1. Ethanol can fade acidic KMNO solution. Because ethanol is reducible and acidic KMNO is strongly oxidizing, the two react to fade acidic KMNO.

The equation for the reaction of ethanol with an acidic KMno solution is given below.

5c₂h₆o+4kmno₄+6h₂so₄=5c₂h₄o₂+2k₂so₄+4mnso₄+11h₂o

2. Ethanol cannot fade bromine water, because although bromine water is an oxidizing agent, it has weak oxidation and cannot oxidize ethanol, so bromine water will not fade.

Ethanol is reducible and can discolor oxidants, acids, potassium permanganate, or bromine.

Yes, potassium permanganate is oxidizing and ethanol is reducing, and oxidizing ethanol to aldehyde will then oxidize to acetic acid, which itself is reduced to manganese dioxide.

Hello, ethanol can react with acidic potassium permanganate solution to directly oxidize to form acetic acid (CH3COOH), the reaction equation is as follows:

4kmno4

5ch3ch2oh

6h2so4

5ch3cooh

4mnso4

2k2so4

OK. Ethanol can also be oxidized by potassium permanganate, while potassium permanganate changes from purplish-red to colorless.

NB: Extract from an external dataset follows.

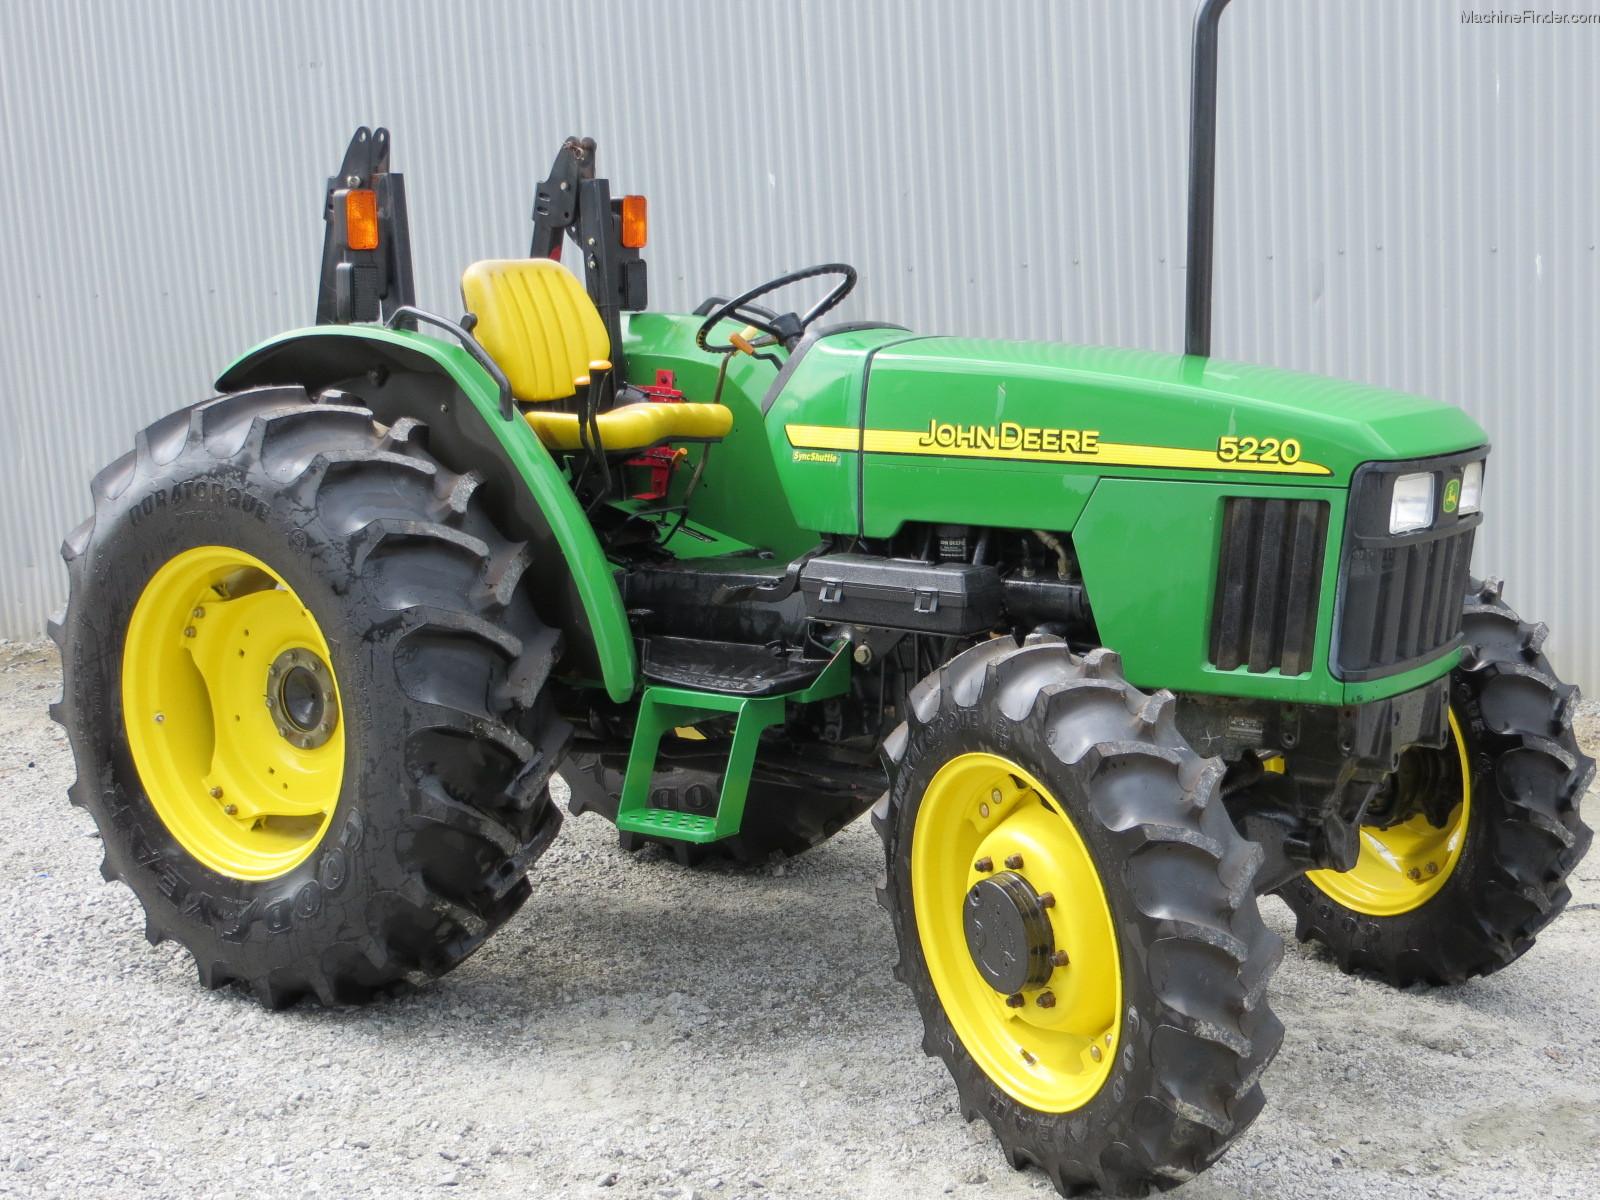 2002 John Deere 5220 Tractors - Utility (40-100hp) - John ...

The organic matter that fades the acidic potassium permanganate solution is:

1) unsaturated hydrocarbons; For example, hydrocarbons that contain carbon-carbon double bonds or carbon-carbon triple bonds.

2) homologues of benzene; Toluene, xylene, ethylbenzene, etc.

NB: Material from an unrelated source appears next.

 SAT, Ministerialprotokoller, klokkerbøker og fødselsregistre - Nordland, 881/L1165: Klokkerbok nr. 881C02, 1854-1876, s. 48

3) derivatives of unsaturated hydrocarbons; Some halogenated hydrocarbons containing carbon-carbon double bonds or carbon-carbon triple bonds.

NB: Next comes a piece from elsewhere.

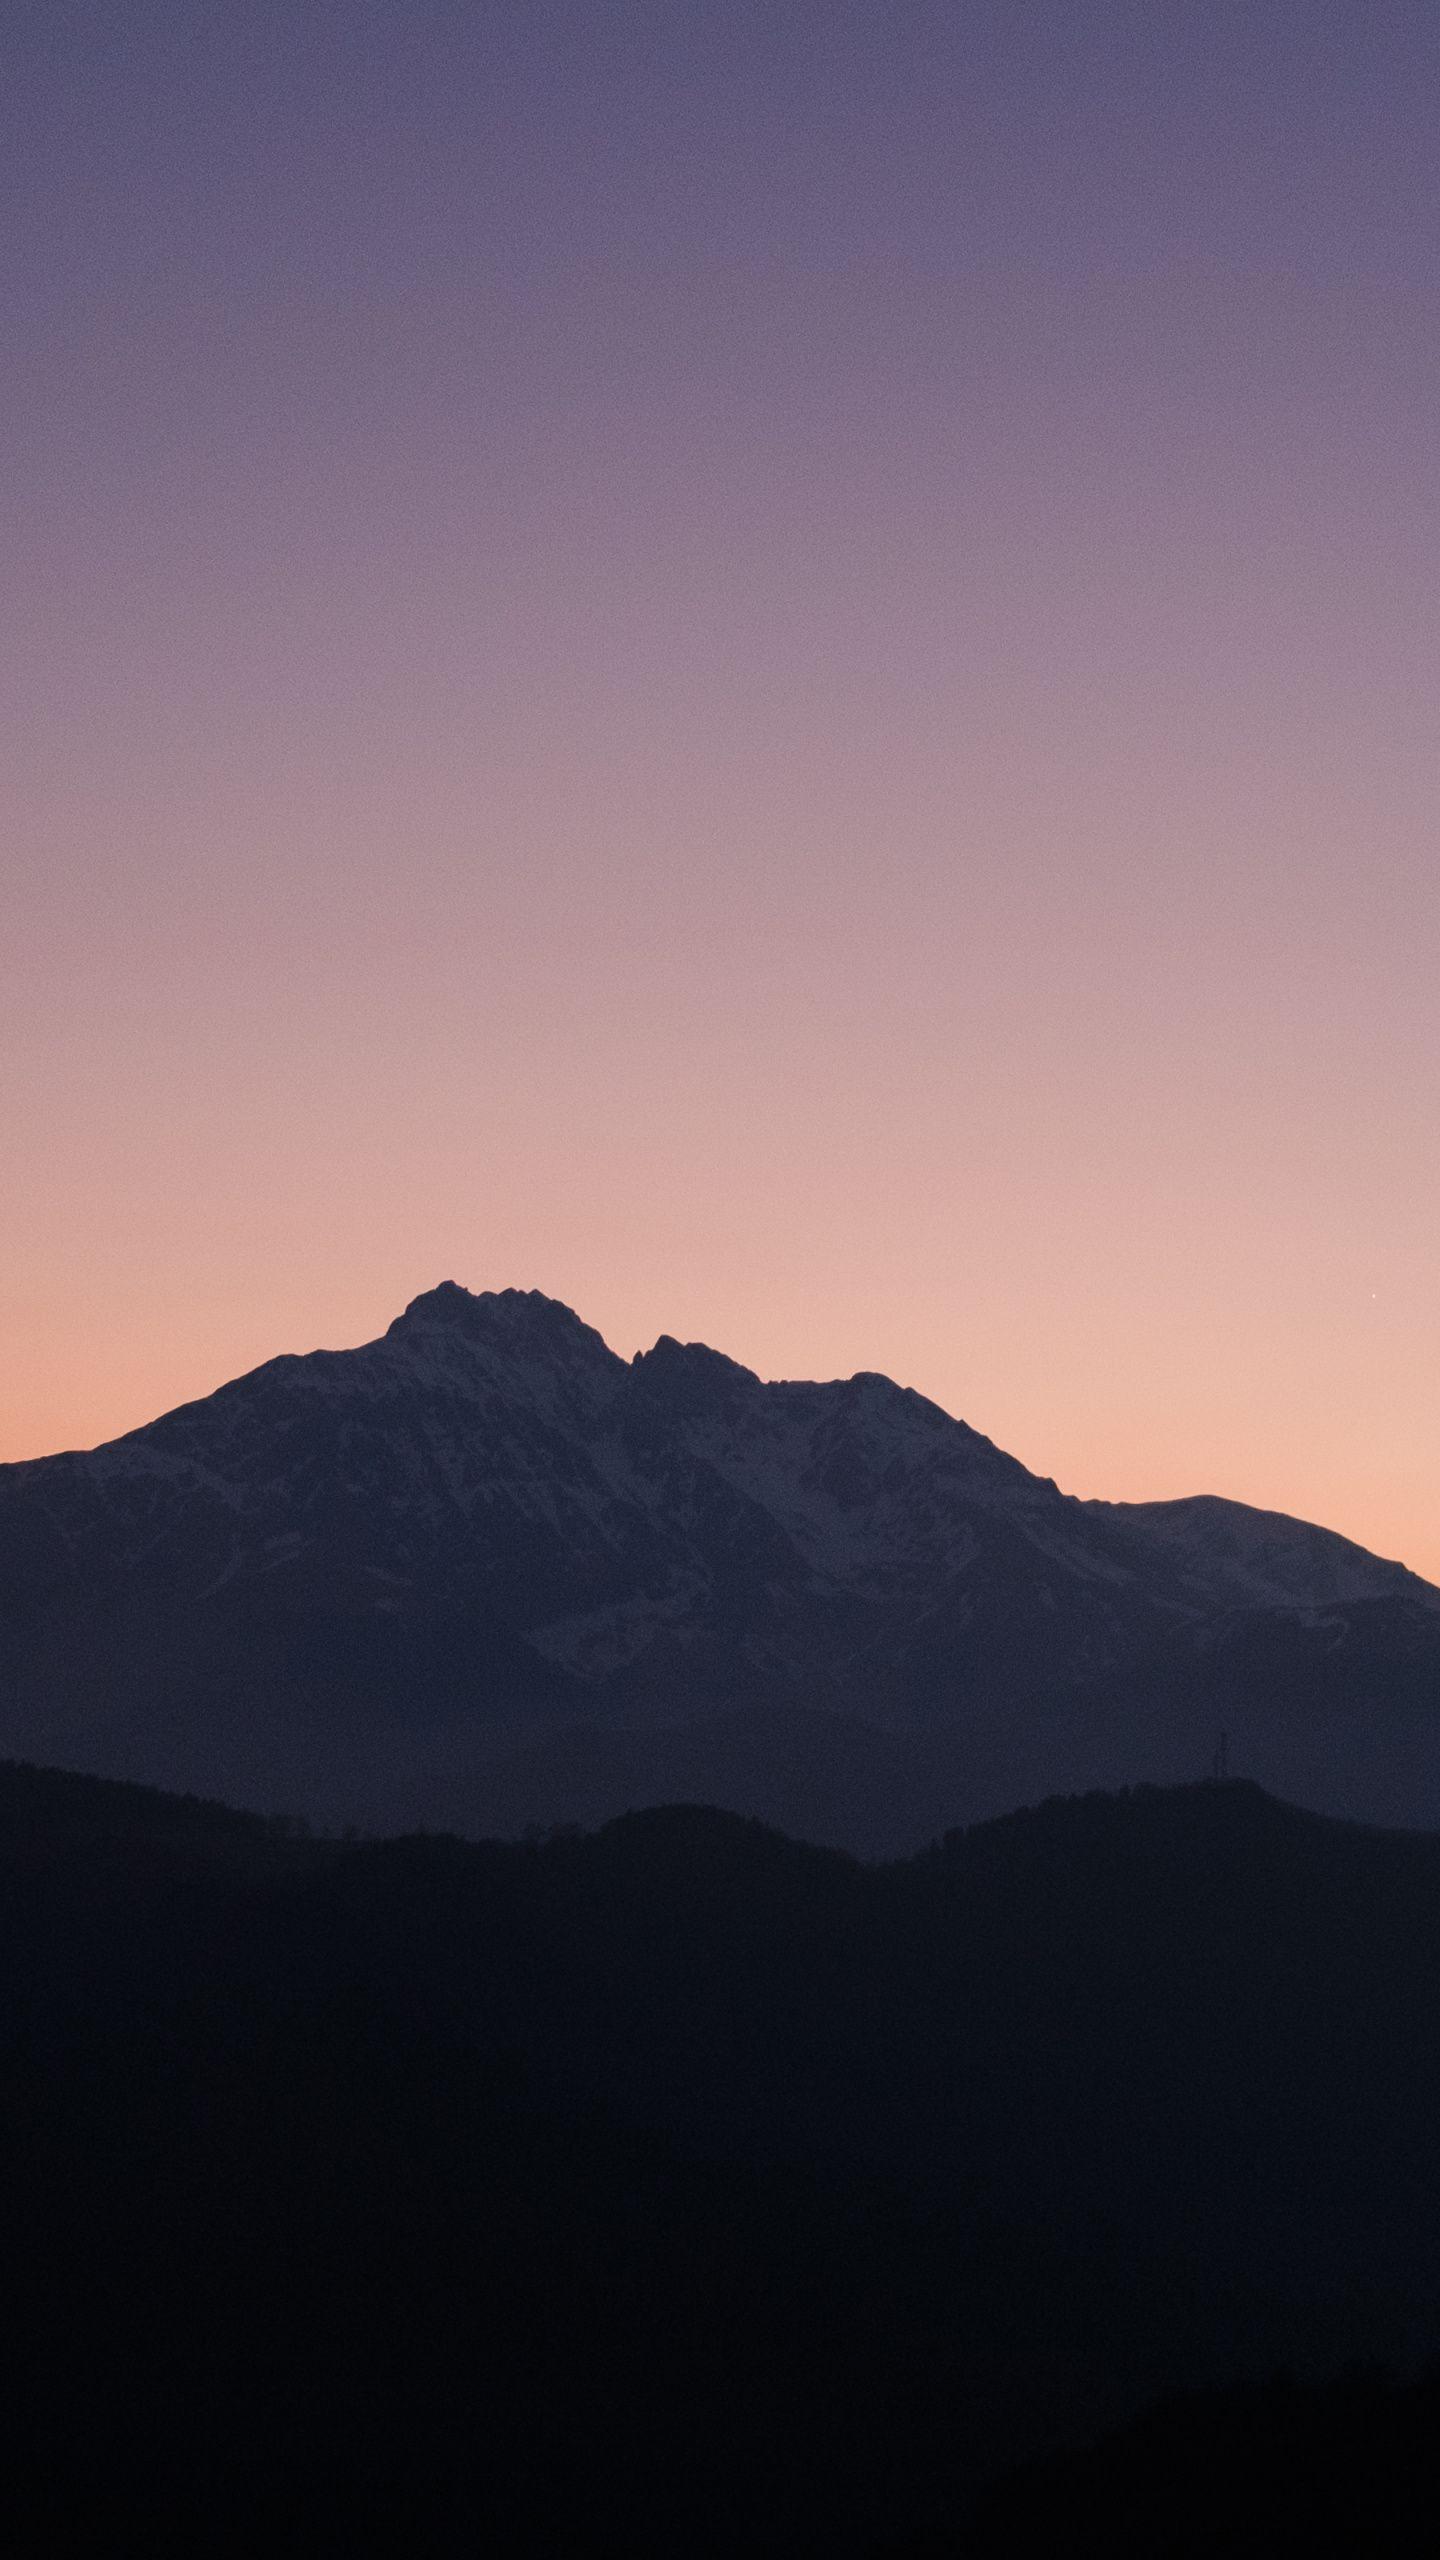 1440x2560 Sunset Mountains Dusk Horizon Silhouette Wallpaper

4) some alcoholic organic compounds; For example, propylene alcohol.

5) Organic matter containing aldehyde groups: aldehyde, formic acid, formate, formate;

6) Petroleum products (pyrolysis gas, cracked gas, cracked oil);

7) Natural rubber.

Because there are no hydrogen atoms on the middle 2 carbon atoms, the oxidation reaction of ortho-carbon removing h atoms to form c=o cannot occur. So.

The acidic KMNO4 solution does not fade.

Option B polyethylene: (CH2-CH2)N

We can see that the double bond in polyethylene opens to form a long carbon-carbon single bond, in which no double bond is present, so the acidic potassium permanganate cannot be discolored.

Polyethylene. d should be 1,3-butadiene. It is thought that except for B, they all contain double bonds, which are easily oxidized by potassium permanganate.

The substances that can discolor the potassium permanganate solution are:

reacts with unsaturated hydrocarbons such as olefins, alkynes, and diolefins to fade the potassium permanganate solution;

It reacts with benzene congeners (toluene, ethylbenzene, xylene, etc.) to discolor the acidic potassium permanganate solution.

A redox reaction occurs with phenol to discolor the potassium permanganate solution.

Redox reaction occurs with aldehydes and other aldehyde organic matter, which fades the potassium permanganate solution.

It reacts with inorganic reducing agents with reducing properties (such as H2S, SO2, FeSO4, Ki, HCl, etc.) to fade the potassium permanganate solution.

The substances that can make bromine water fade or change color and the relevant chemical reaction principles are:

Unsaturated hydrocarbons such as olefins, alkynes, and diolefins react to fade bromine water.

ch2=ch2+br2——→ch2br-ch2br

ch≡ch+br2——→chbr=chbr

or CH+2BR2 – CHBR2-CHBR2

ch2=ch-ch=ch2+br2——→ch2br-ch=ch-ch2br

or ch2=ch-ch=ch2+br2-ch2-ch-chbr-ch=ch2).

It reacts with phenol to form a white precipitate.

It reacts with aldehydes and other aldehyde substances to fade bromine water.

ch3cho+br2+h2o=ch3cooh+2hbr

Mixed with benzene, toluene, carbon tetrachloride and other organic solutions, the bromine water fades due to extraction, and the organic solvent dissolves the bromine orange (or brownish-red).

React with alkaline solutions (such as NaOH solution, Na2CO3 solution, etc.) to fade bromine water.

BR2+2NAOH=NABR+NABro+H2O (or 3BR2+6NAOH=5NABr+NAB3+3H2O).

br2+na2co3=nabr+nabro+co2

It reacts with strong inorganic reducing agents (such as H2S, SO2, Ki and FeSO4, etc.) to discolor bromine water.

BR2+H2S = 2HBR+S (light yellow precipitate).

br2+so2+2h2o=2hbr+h2so4

3br2+6feso4=2fe2(so4)3+2febr3

BR2+2Ki = 2KBR+I2 (the solution turns brown).

If you can't discolor bromine water, but you can discolor an acidic KMNO4 solution, see here.